All I ask is that my readers please don’t give up on me. As pathetic as this might sound, I need you right now. I am usually not one to ask for help or support, but I am in major need of both these things. Even admitting this brings a sick feeling into my gut. I must ignore it.
I was conditioned growing up to always be positive. To always smile and act cheerful. If not, my father would act rageful toward me and my mom would ignore me altogether. So even being open and telling you all how bad I am doing and how much I am struggling sends fear through my body- that you will all hate me, or you will all ignore me. I’m not sure which one is worse.
I am hanging onto a thin, thin thread. What I need is a lifeline. Anyone know where I might be able to find one?
I look around me
All I see is darkness
It hangs thick in the air
It percolates into my pores
I am lost
Enshrouded in loneliness
I long for something
Which I can’t explain
Pain punctures my consciousness
Like a knife into a wound
How I long to cling to solace
Yet its embrace eludes me
I long for the rains of peace
To shower onto my mind
What is it this darkness is after
To ruin and condemn?
To smother me in its tight hold
Til I finally give in?
My soul it cries silently
And wanders these dark halls
If only a light could shine on me
And save me from myself
All I seek
Is everything and nothing
All at once
In the quiet solitude of the night
I sit here and whisper
Who is listening
I feel all alone. I know I have friends and a partner who love me and care for me but somehow this isn’t reassuring right now. At the core of my being I feel broken, unfixable, unloveable. And no amount of reassurance is going to change that.

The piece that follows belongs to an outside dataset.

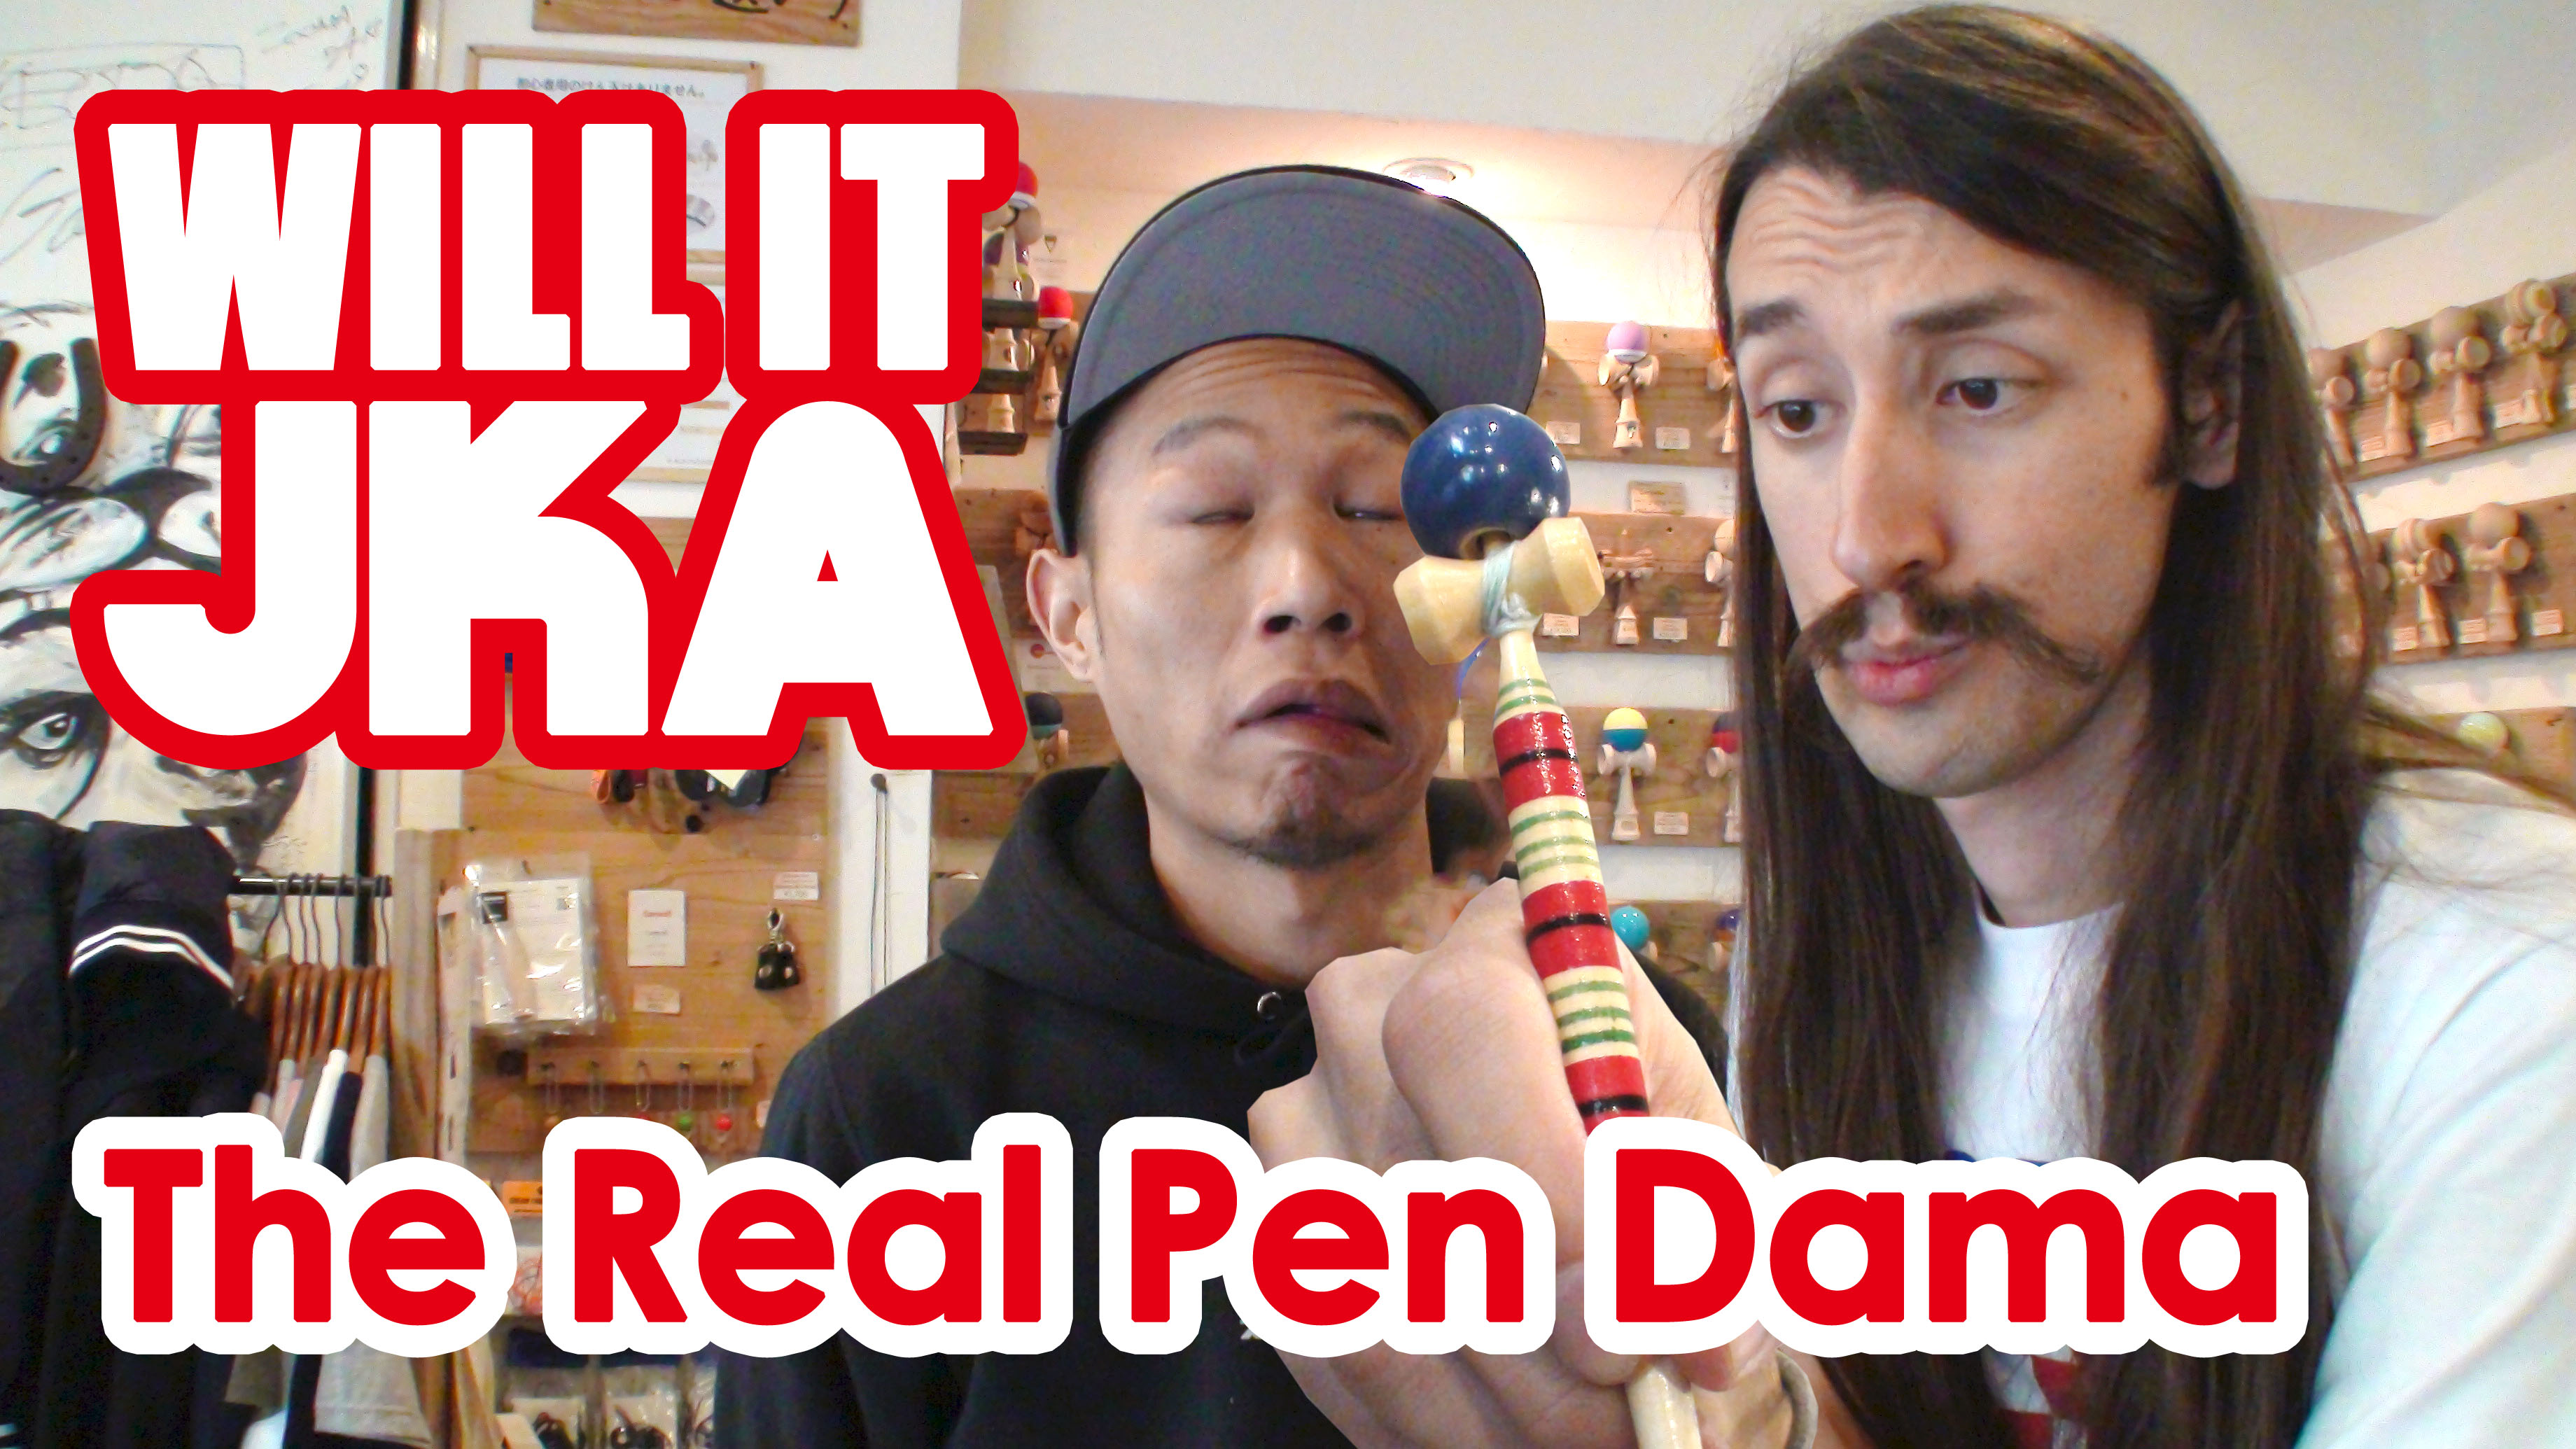 The Real Pen Dama - Will It JKA?

I feel like a little child who’s been taken out to the woods and left all alone. Shivering and frightened and scared. And yet I’m an adult. Or so I am told…
Who will love and nurture me when everyone else is gone. No one. Who will comfort and hold me when everyone else is busy with other things. No one. Who will be with me when hardships come and protect me from the cruelest of evils. No one. Who will love me always, without fault, without expectation, without condition: no one.
No one no one no one. The sad truth is, I’m all alone. Now and always.